By David Loomis
INDIANA – Cathy Scribe arrived midday Thursday to receive her second Covid-19 vaccination. The Kovalchick Convention and Athletic Complex and its parking lot were empty.
Covid-19 masking and distancing rules were posted on the building’s bank of unlocked glass doors. Scribe entered an empty facility. A manager advised her to return Friday for a weekly Indiana Regional Medical Center-sponsored, walk-in vaccine clinic.
“Last week, they told me to come Thursday or Friday this week,” Scribe, 57, of Indiana, said on the front sidewalk. “Today, they said to come Friday.”
It was not her first vaccination miscue, Scribe said. Two weeks earlier she had been turned away for a second shot because medication she had been prescribed might have reacted with the Pfizer vaccine.
But Scribe said she is far from vaccine-hesitant.
“Not at all,” she said. “I was so ready.”
Scribe said she is treated for immune-system disorders, and she worries about Covid-19 vaccine resisters.
“It’s a disease, and it’s preventable,” Scribe said. “Why not do something about it? Why be disrespectful of those who did get a shot?”
Scribe said she has heard false resister arguments that the vaccine is only water. She has heard an unverified claim that a vaccinated patient at the local hospital contracted a breakthrough case of Covid. (The hospital’s public-information office did not respond to a May 20 email.)
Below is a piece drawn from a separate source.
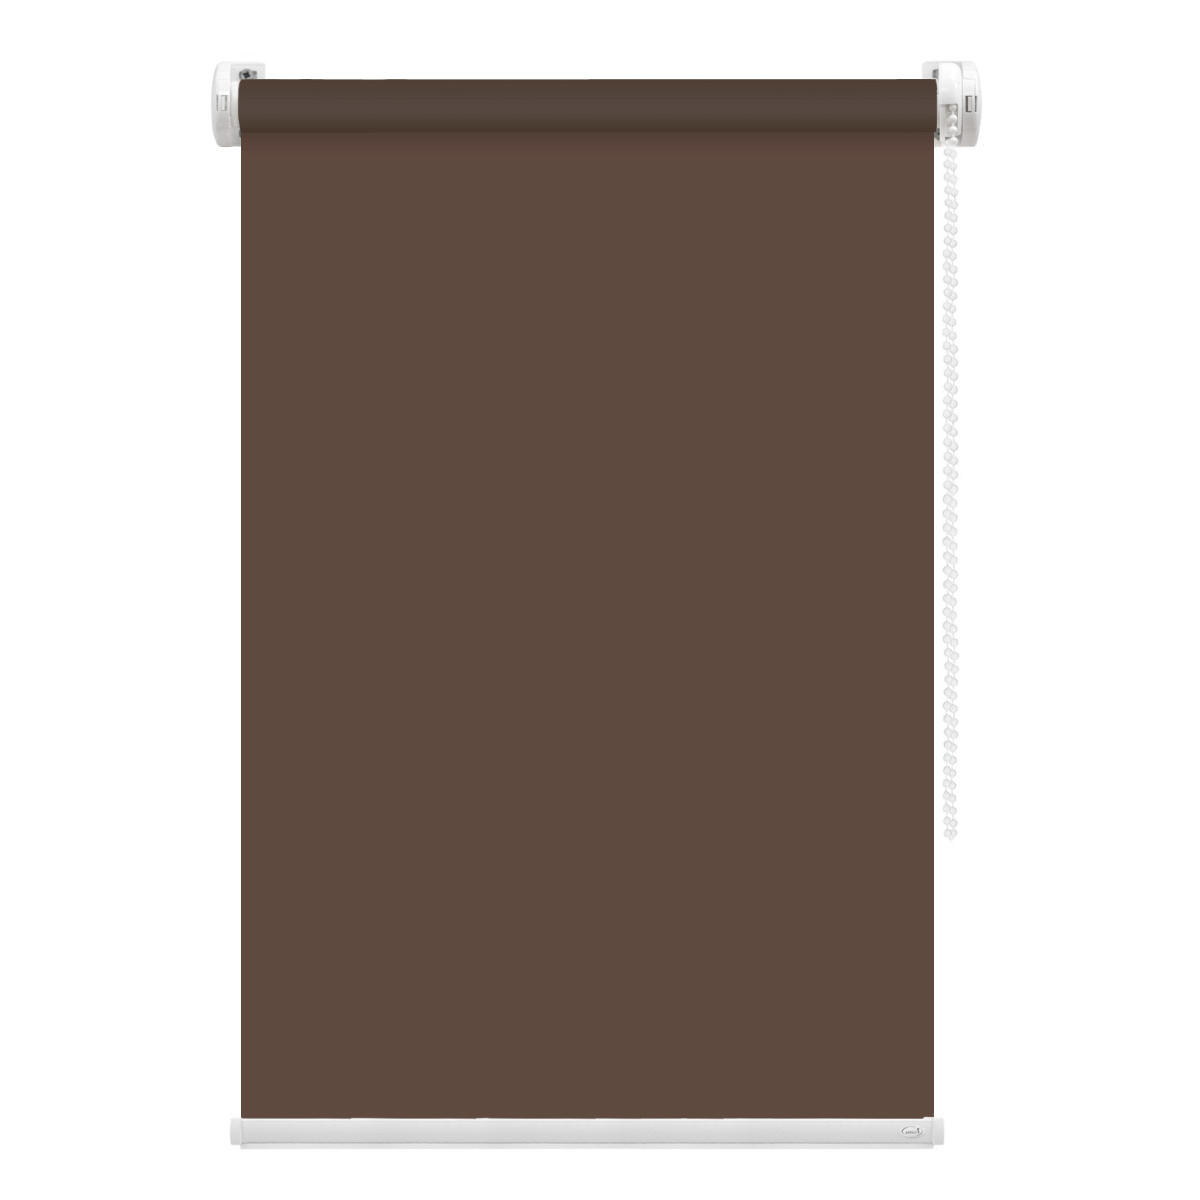 Рулонная штора FixLine Amigo Basic коричневая 75х160 см рулонная штора fixline amigo basic коричневая 50х160 см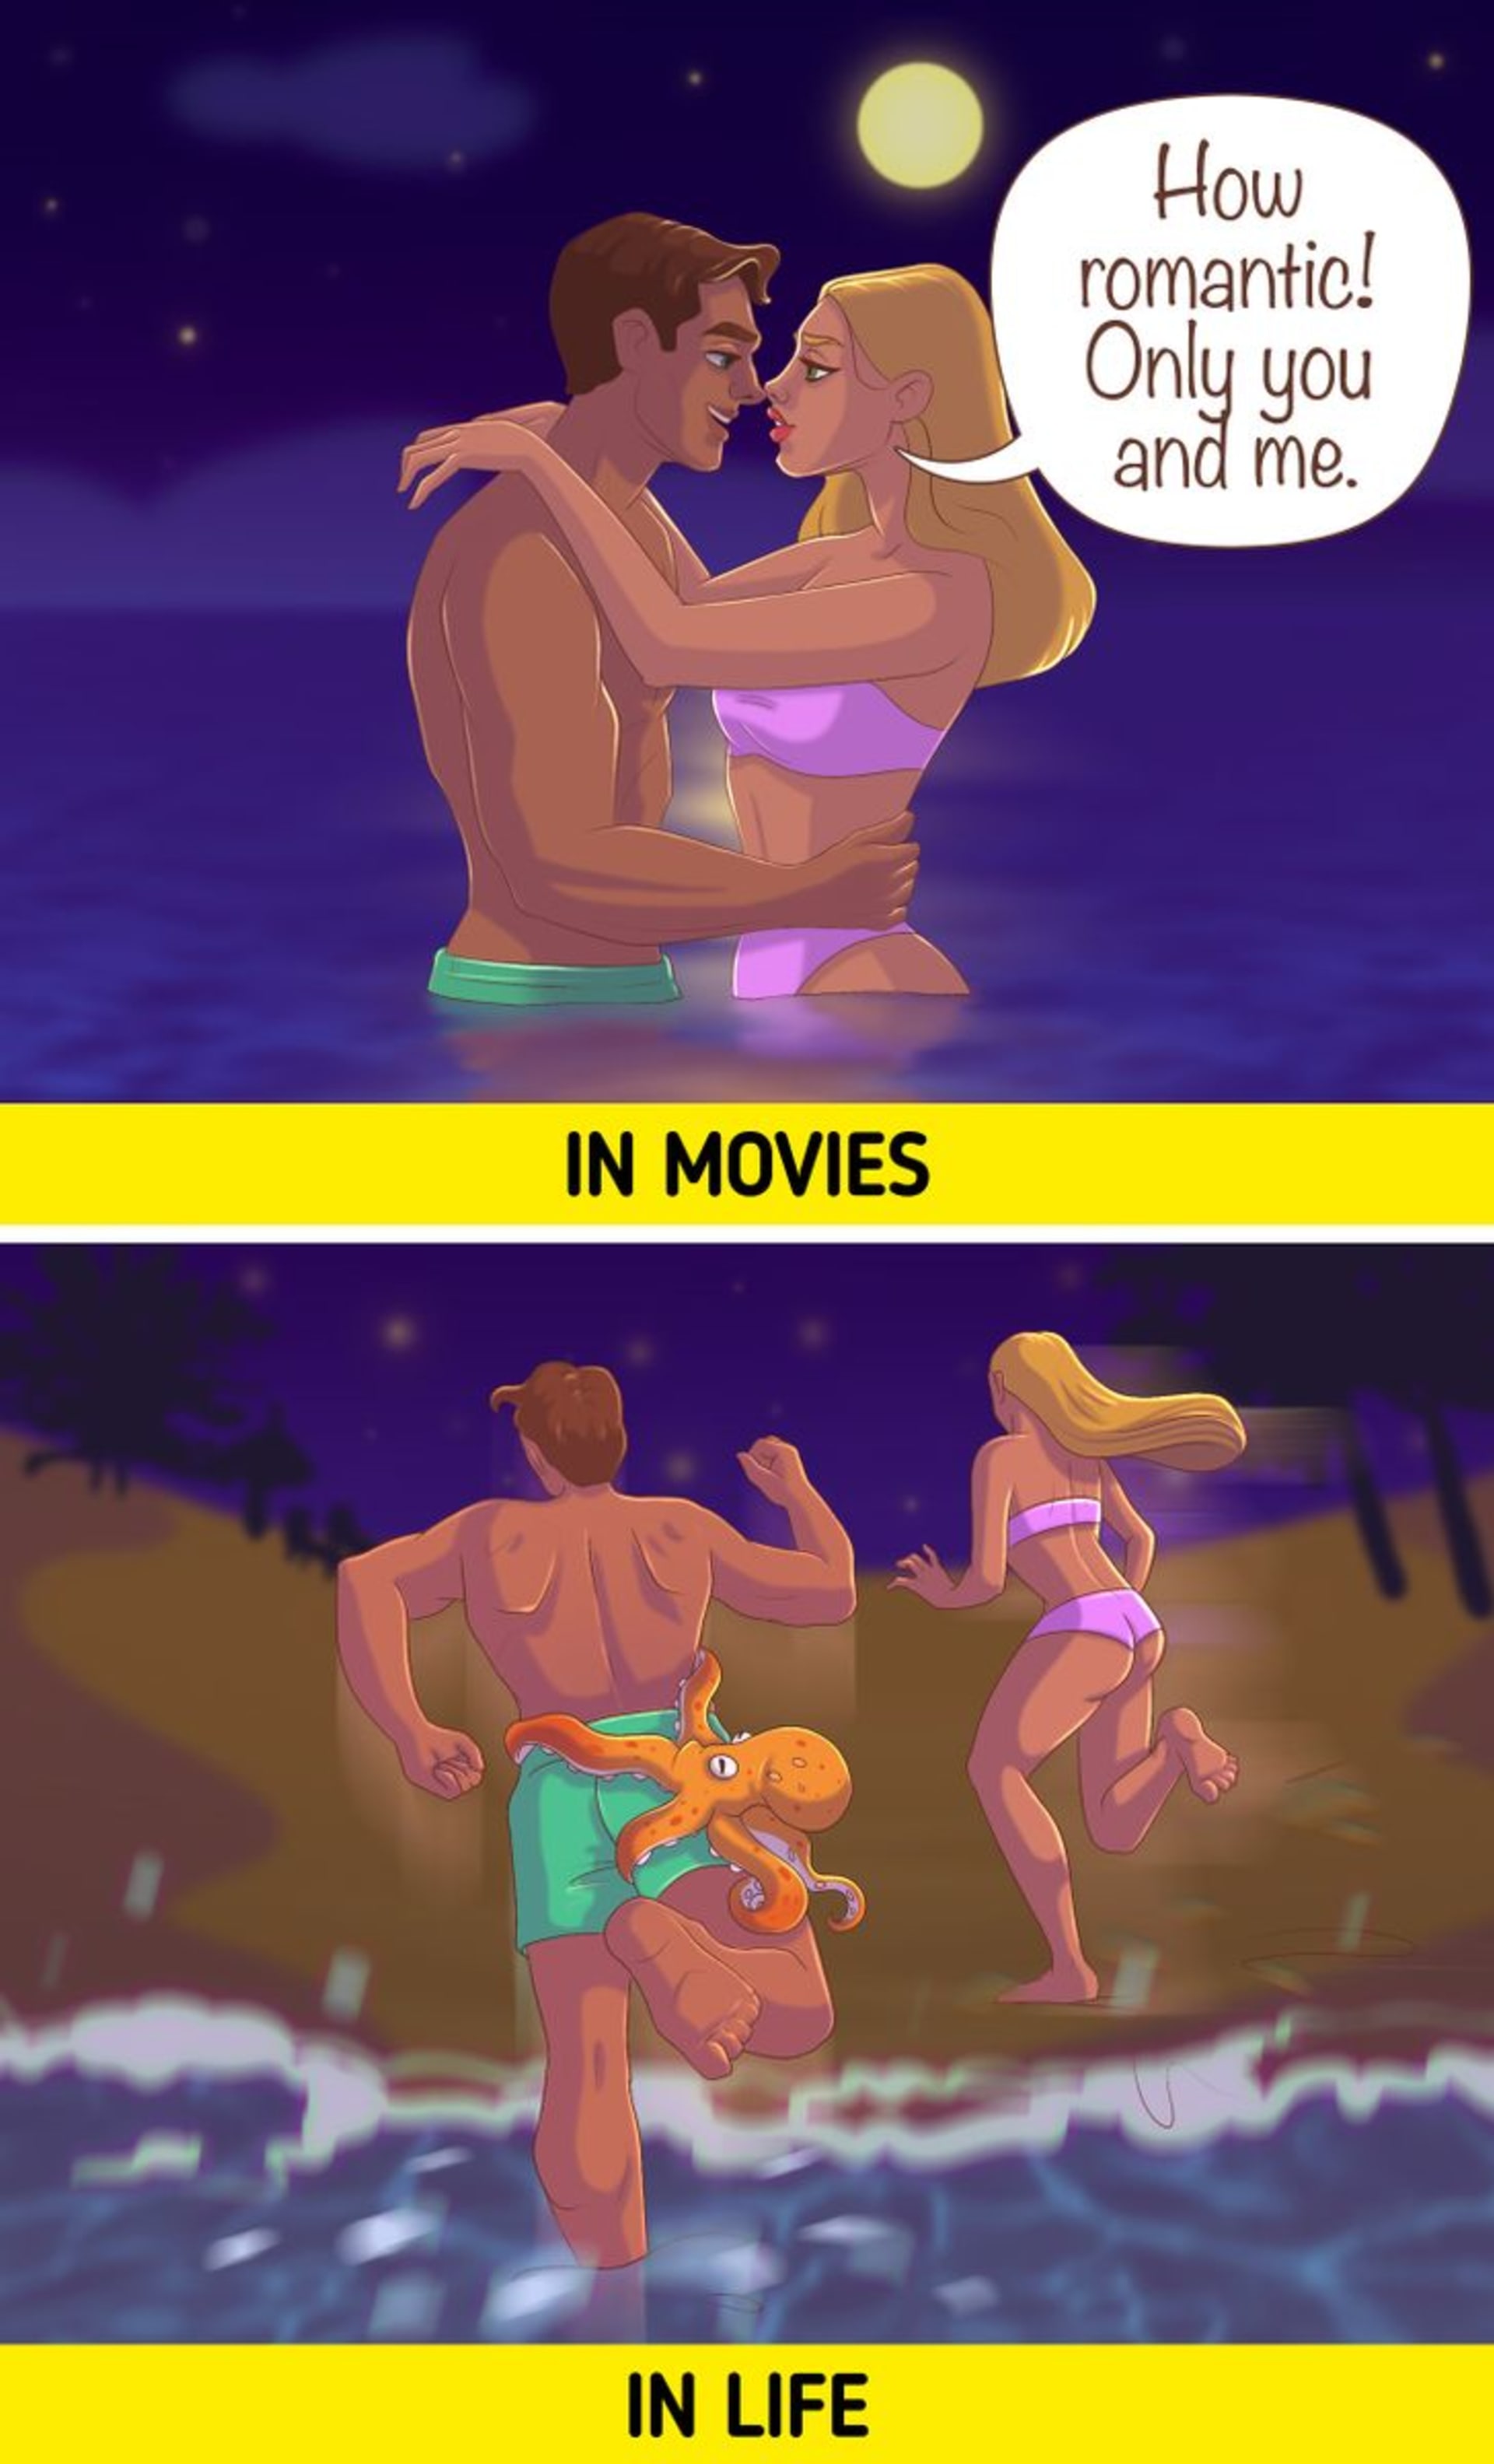 Takhle vypadá vztah ve filmu versus v realitě

But what upsets her are unmasked customers in local convenience stores where masks and gloves are offered free at the front door.
“Only seven of 20 customers had masks on,” Scribe recounted of a recent outing. “There’s not enough enforcement.”
RONALD RILEY, of Indiana, sees a similar lack of support among local officials.
Riley, a retired accountant with 23 years of experience in health-care finance, including 18 years at Lee Hospital in Johnstown, where he was assistant controller, has tracked the region‘s public-health data throughout the pandemic. Lately, he sees insufficient official attention paid to local vaccination resistance.
“The level of vaccinations for Indiana County continues to fall behind,” Riley reported on May 20. “Vaccine hesitancy has hit all too soon, with only 35% of the population with at least one dose, far less than 46.4% for the state. Indiana County ranks 58th of 67 counties by percentage of population over age 15 receiving at least one dose of the vaccine.”
Riley wrote that the county’s low ranking reflects a familiar official p.r. refrain during the pandemic.
“We should not be surprised at this awful performance,” he wrote. “We have seen it before. The majority commissioners have missed the mark on nearly every significant milestone of the pandemic … and now the vaccine.”
David Loomis, Ph.D., emeritus professor of journalism at Indiana University of Pennsylvania, is editor of The HawkEye.